▸ **Required action**
Except for images, print the whole listing verbatim.

▸ **Input data**
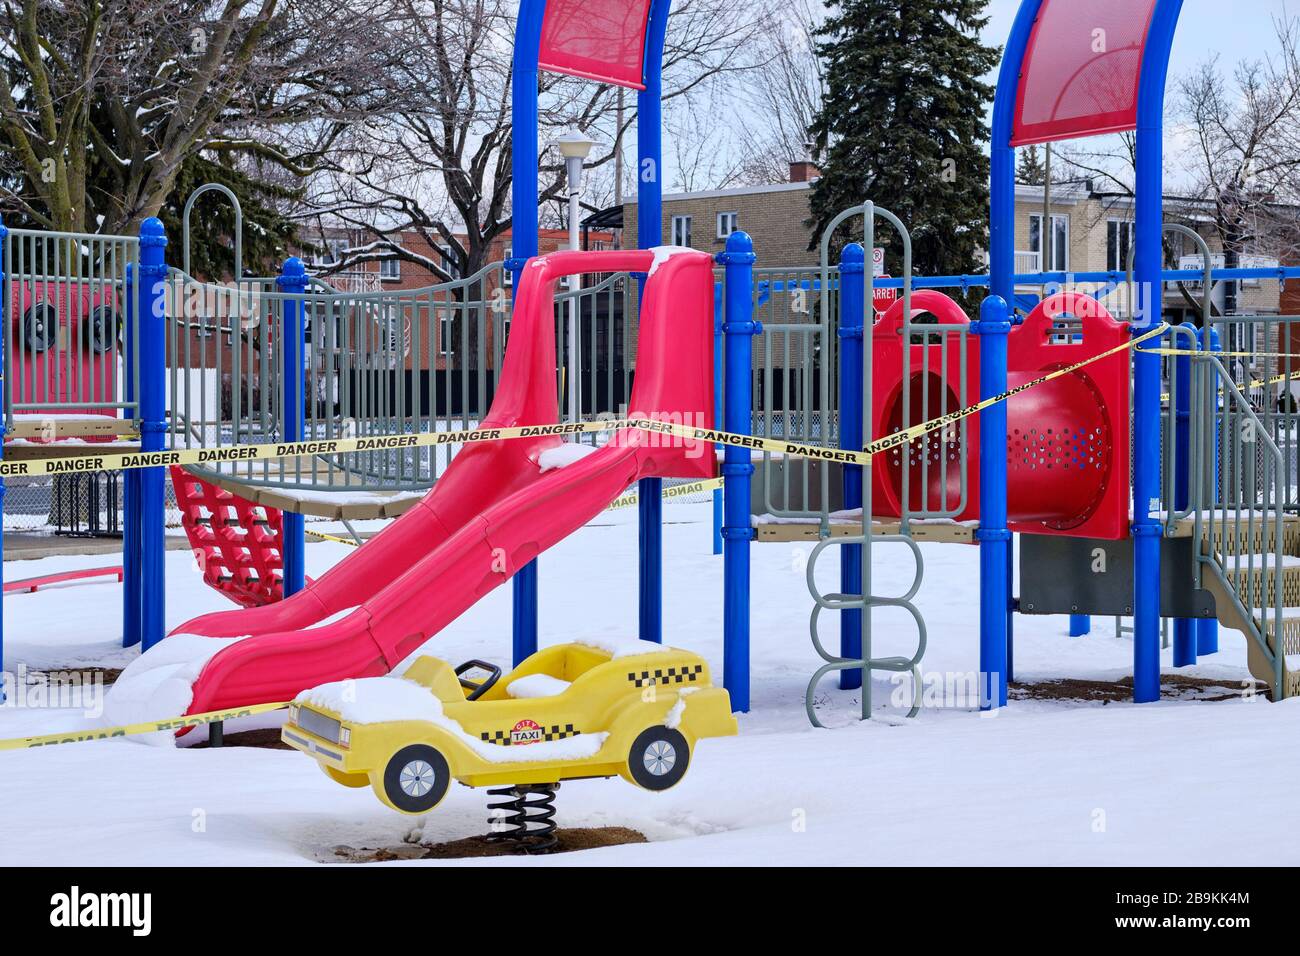 Montréal, Québec, Canada. 24 mars 2020. Ferme le terrain de jeu pour enfants sous la neige fraîche alors que la province de Québec entre dans une pause de trois semaines avec tous les services sauf essentiels commandés pour s'arrêter à minuit aujourd'hui. Banque D'Images
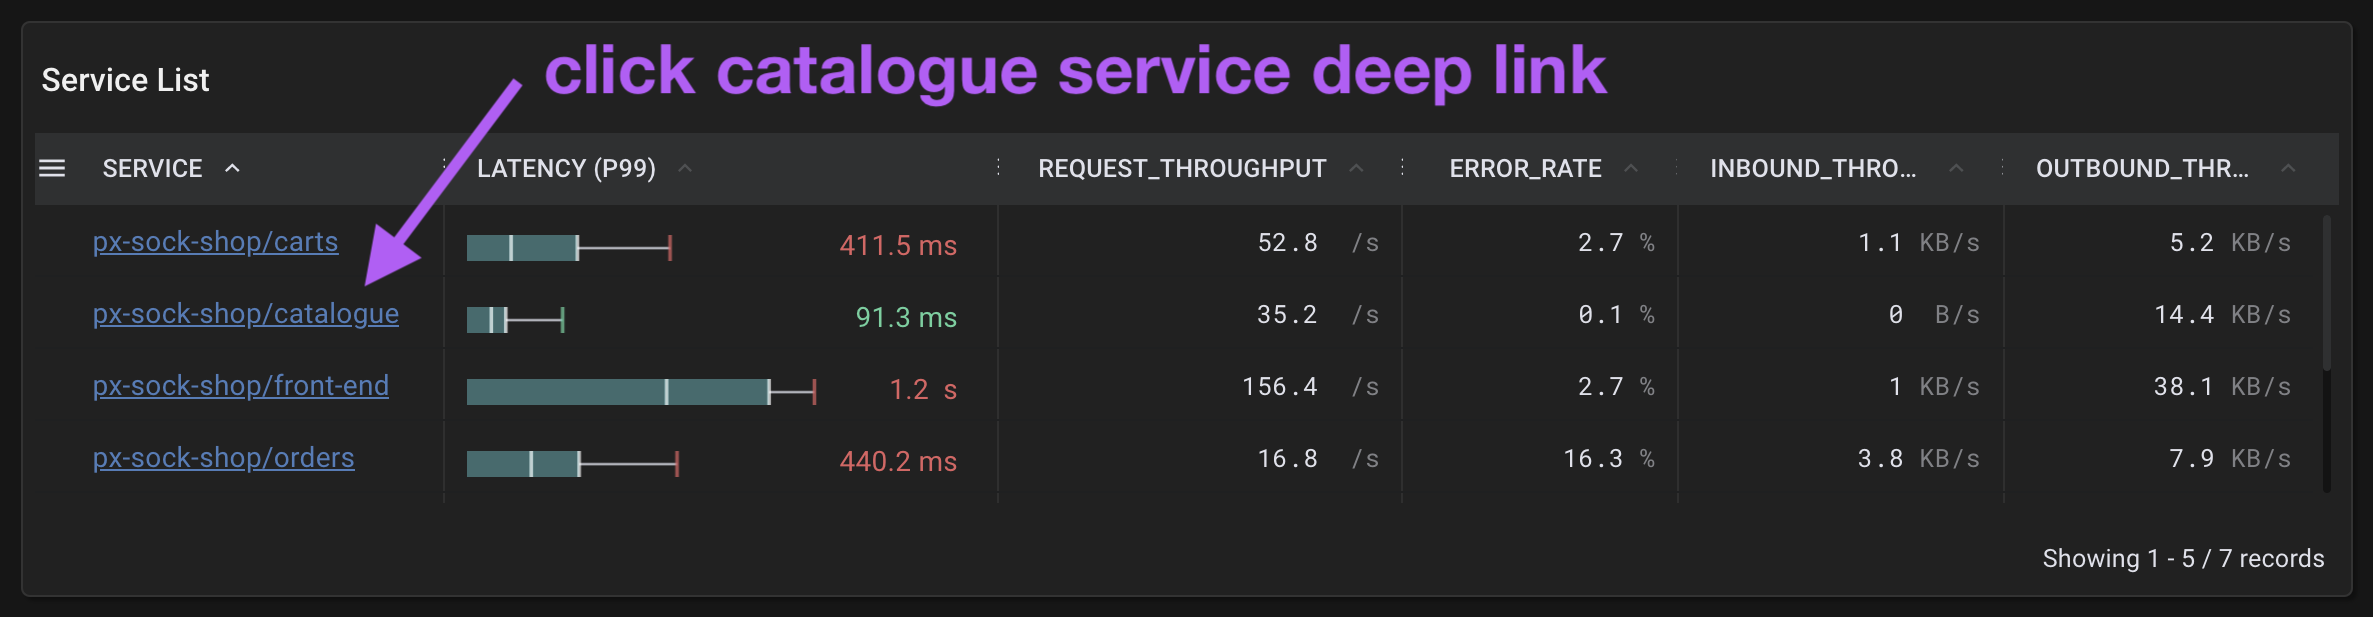 service_deeplink
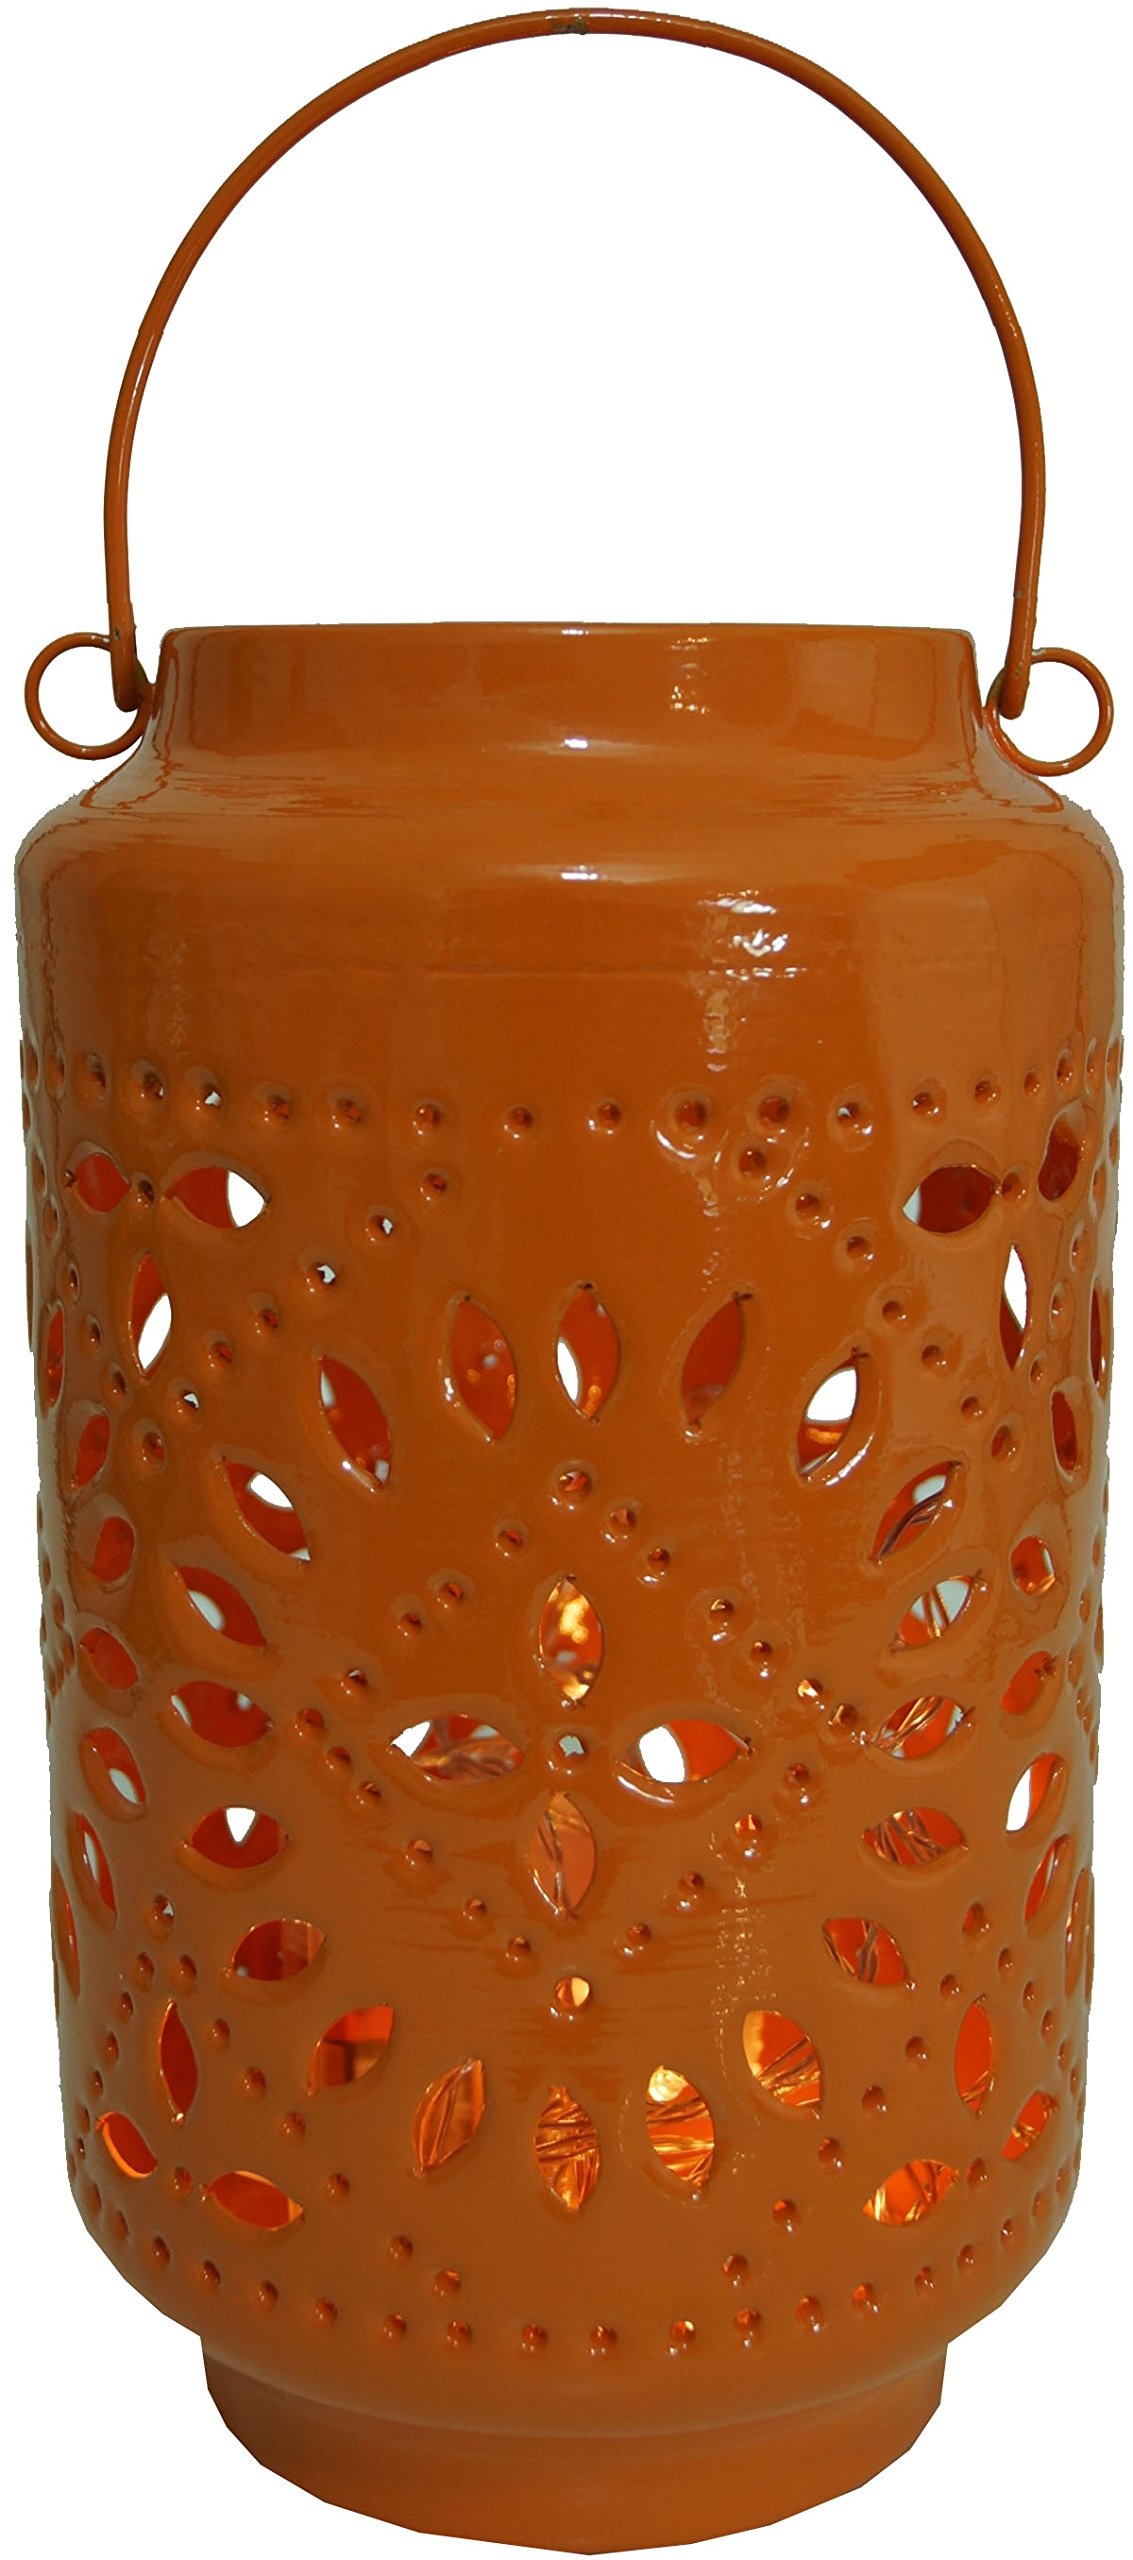 GURU SHOP Metall-Laterne, Windlicht, Gartenlaterne, Orange, Farbe: Orange, 25x15x15 cm, Teelichthalter & Kerzenhalter
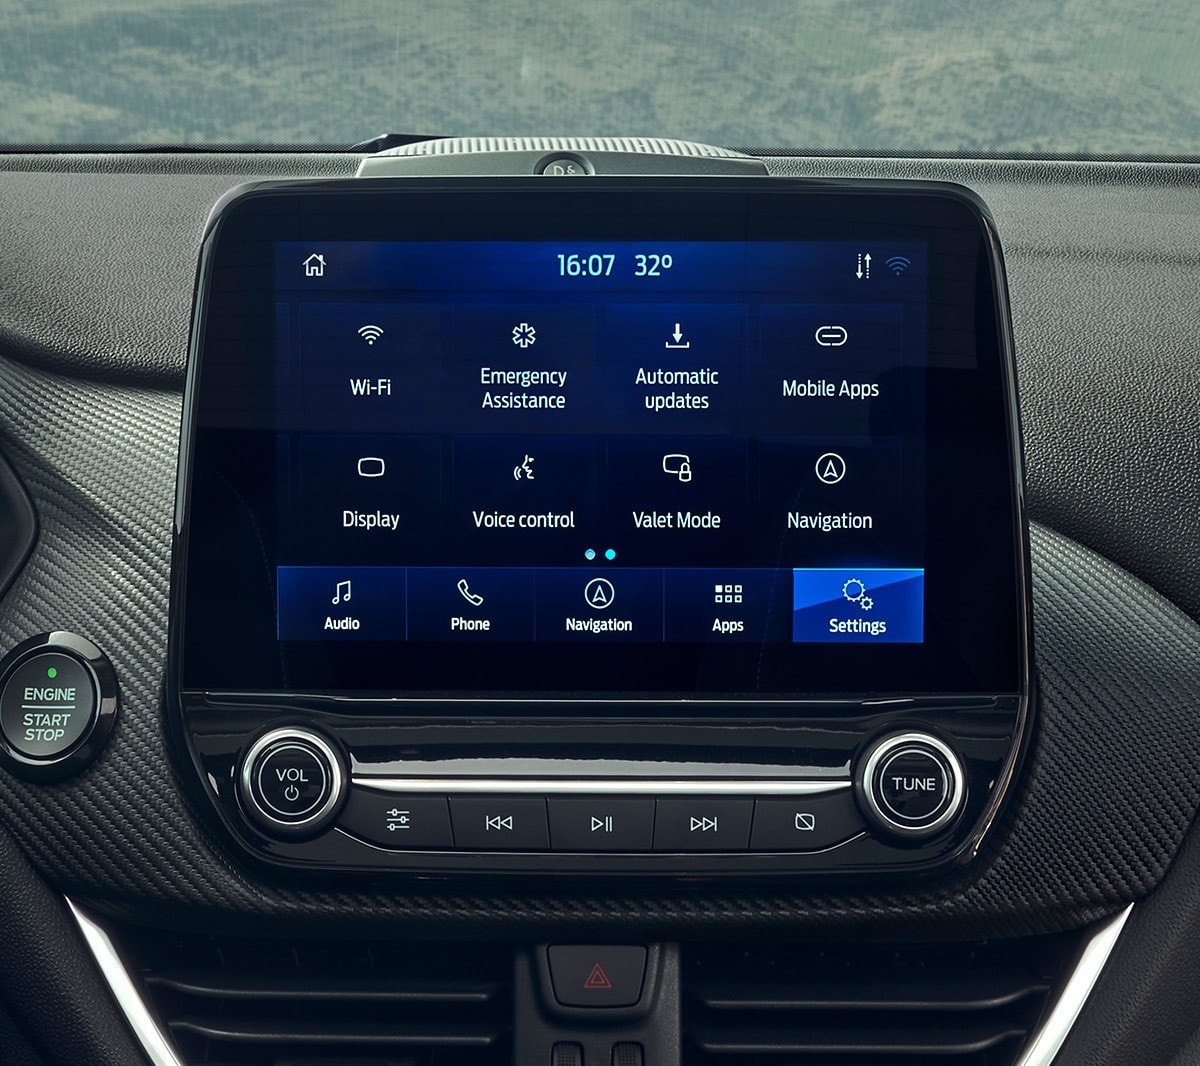 Ford Fiesta. Vista interna dettagliata del touchscreen del Ford SYNC.

▸ **Response area**
 Montréal, Québec, Canada. 24 mars 2020. Ferme le terrain de jeu pour enfants sous la neige fraîche alors que la province de Québec entre dans une pause de trois semaines avec tous les services sauf essentiels commandés pour s'arrêter à minuit aujourd'hui. Banque D'Images
 service_deeplink
 GURU SHOP Metall-Laterne, Windlicht, Gartenlaterne, Orange, Farbe: Orange, 25x15x15 cm, Teelichthalter & Kerzenhalter
 Ford Fiesta. Vista interna dettagliata del touchscreen del Ford SYNC.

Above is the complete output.